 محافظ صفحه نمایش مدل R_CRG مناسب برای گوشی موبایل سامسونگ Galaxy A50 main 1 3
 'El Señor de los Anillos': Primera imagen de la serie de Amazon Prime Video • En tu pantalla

---

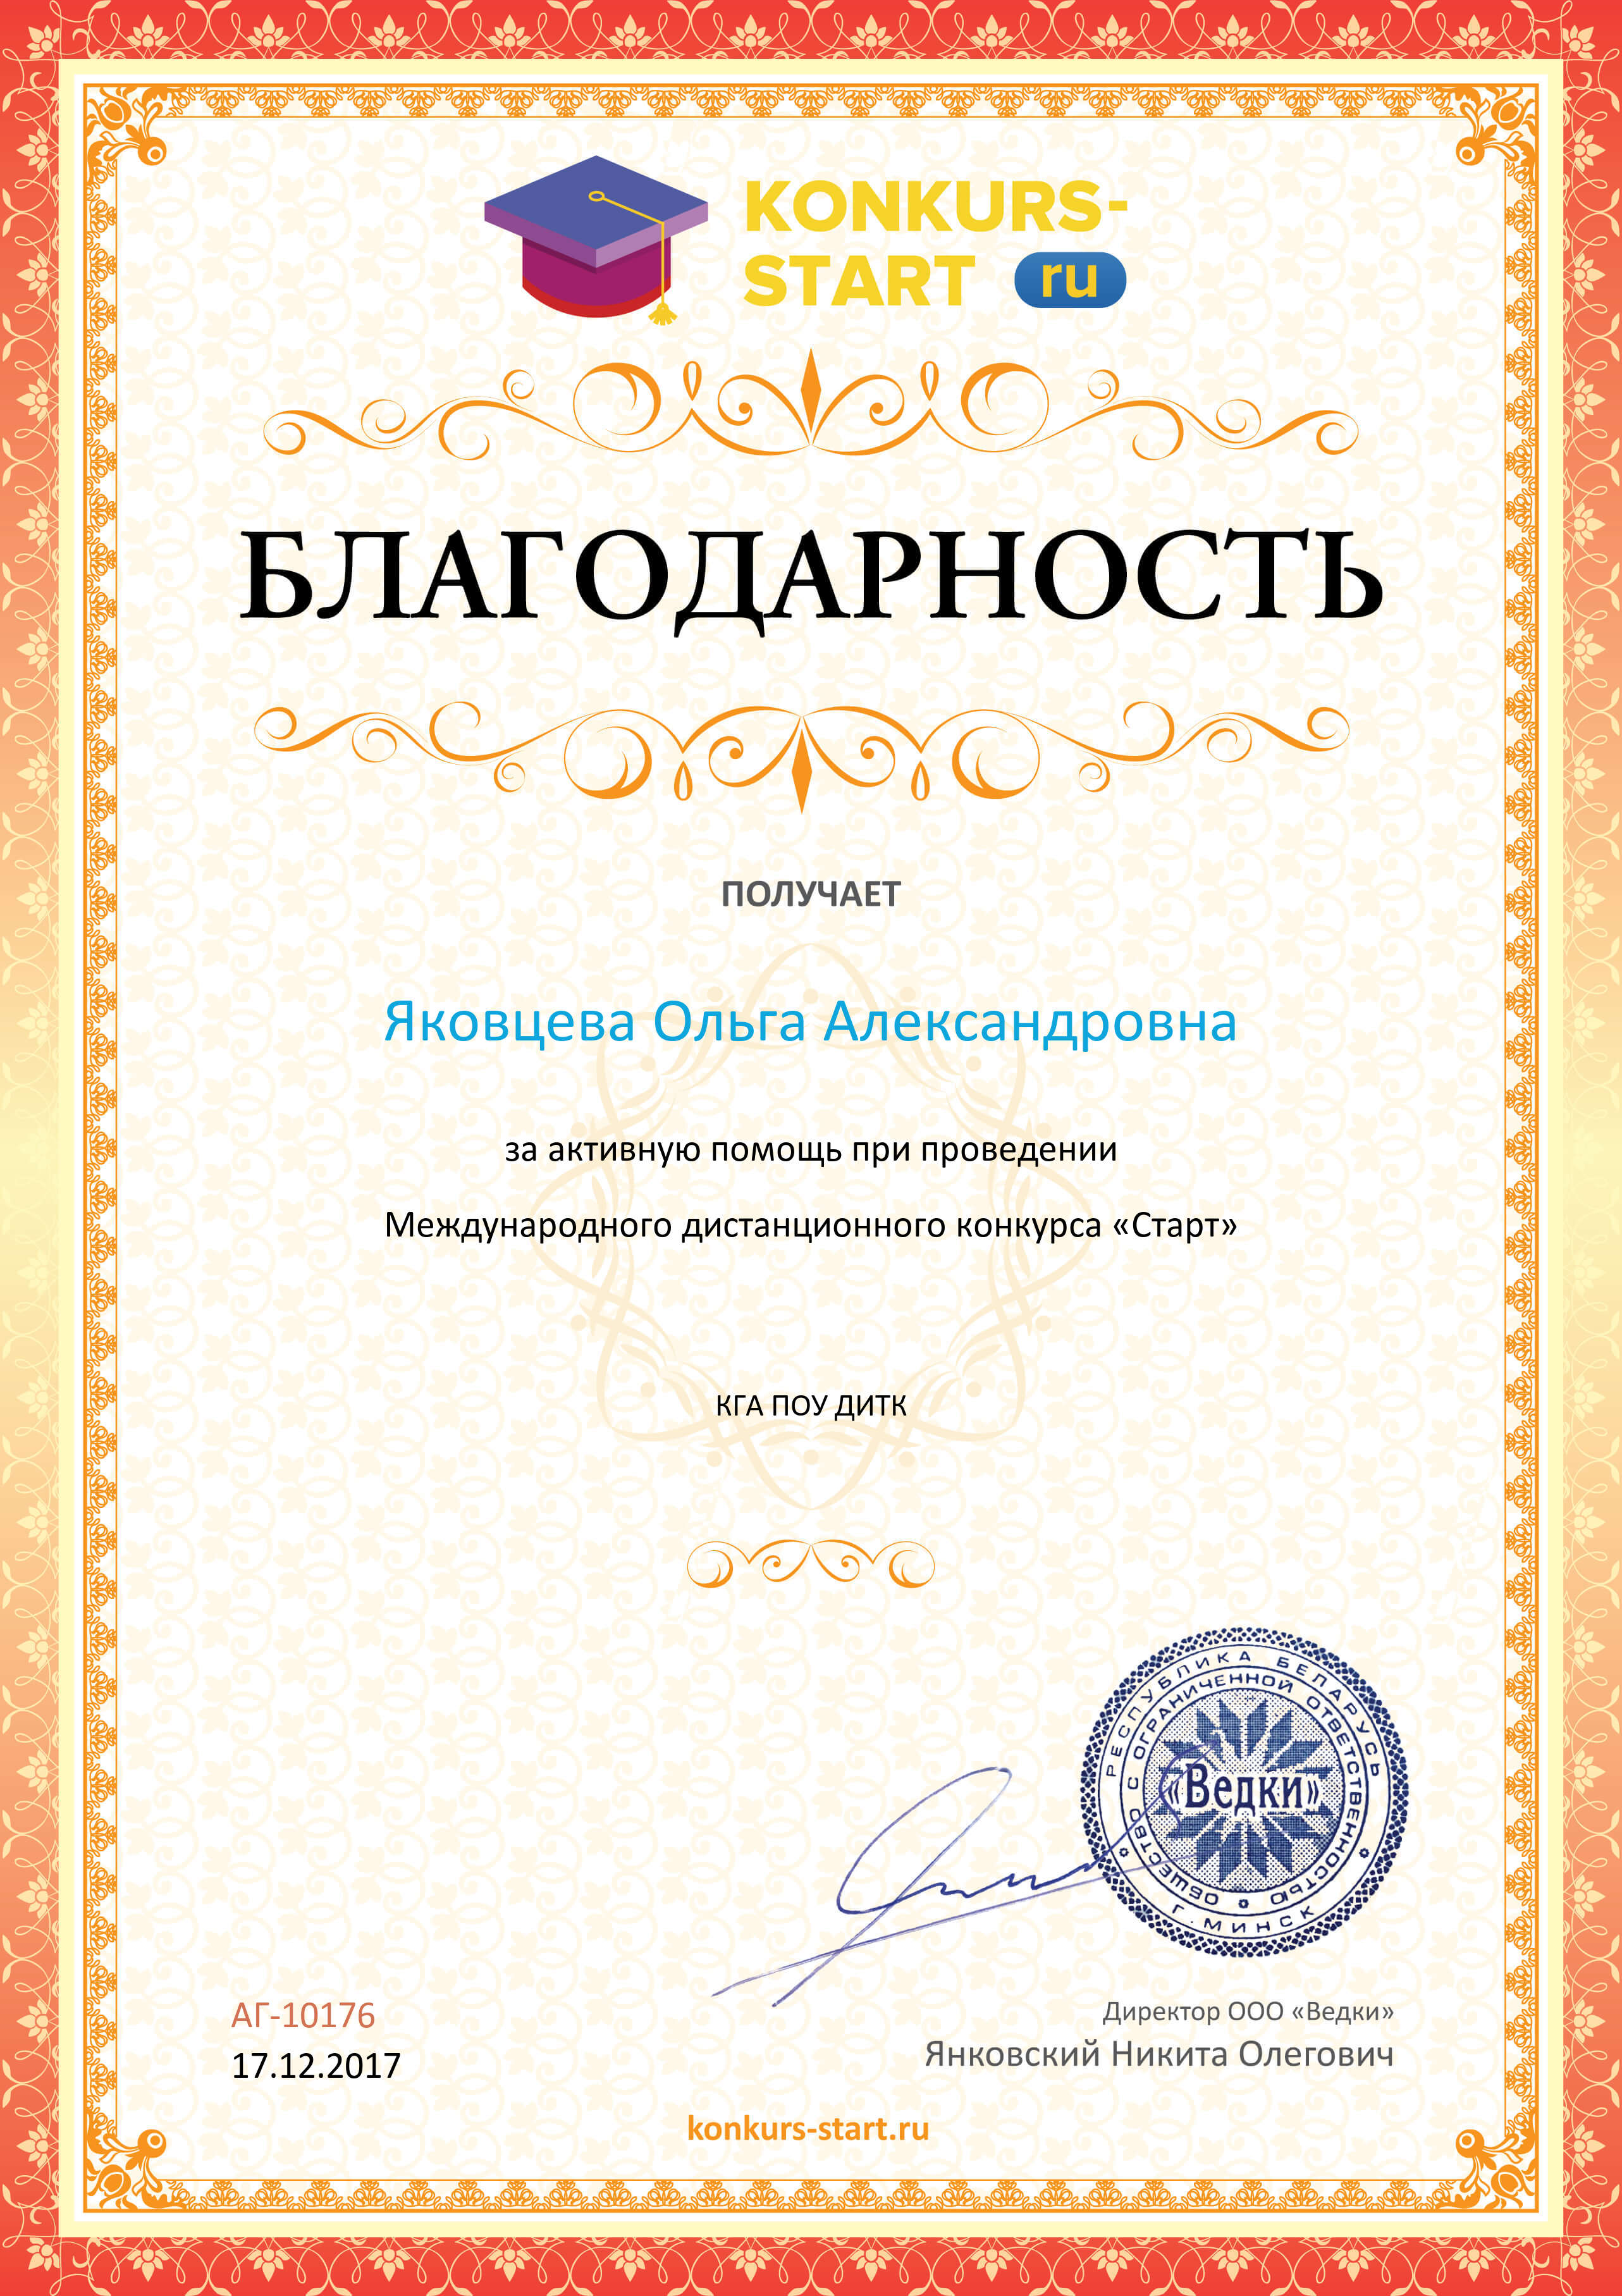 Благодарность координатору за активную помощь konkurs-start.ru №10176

Work request: The expected answer is an exact copy of the lines above, beginning at the line with "محافظ صفحه نمایش" and ending at the line with "En tu pantalla", with both ends in.

Written answer:
 محافظ صفحه نمایش مدل R_CRG مناسب برای گوشی موبایل سامسونگ Galaxy A50 main 1 3
 'El Señor de los Anillos': Primera imagen de la serie de Amazon Prime Video • En tu pantalla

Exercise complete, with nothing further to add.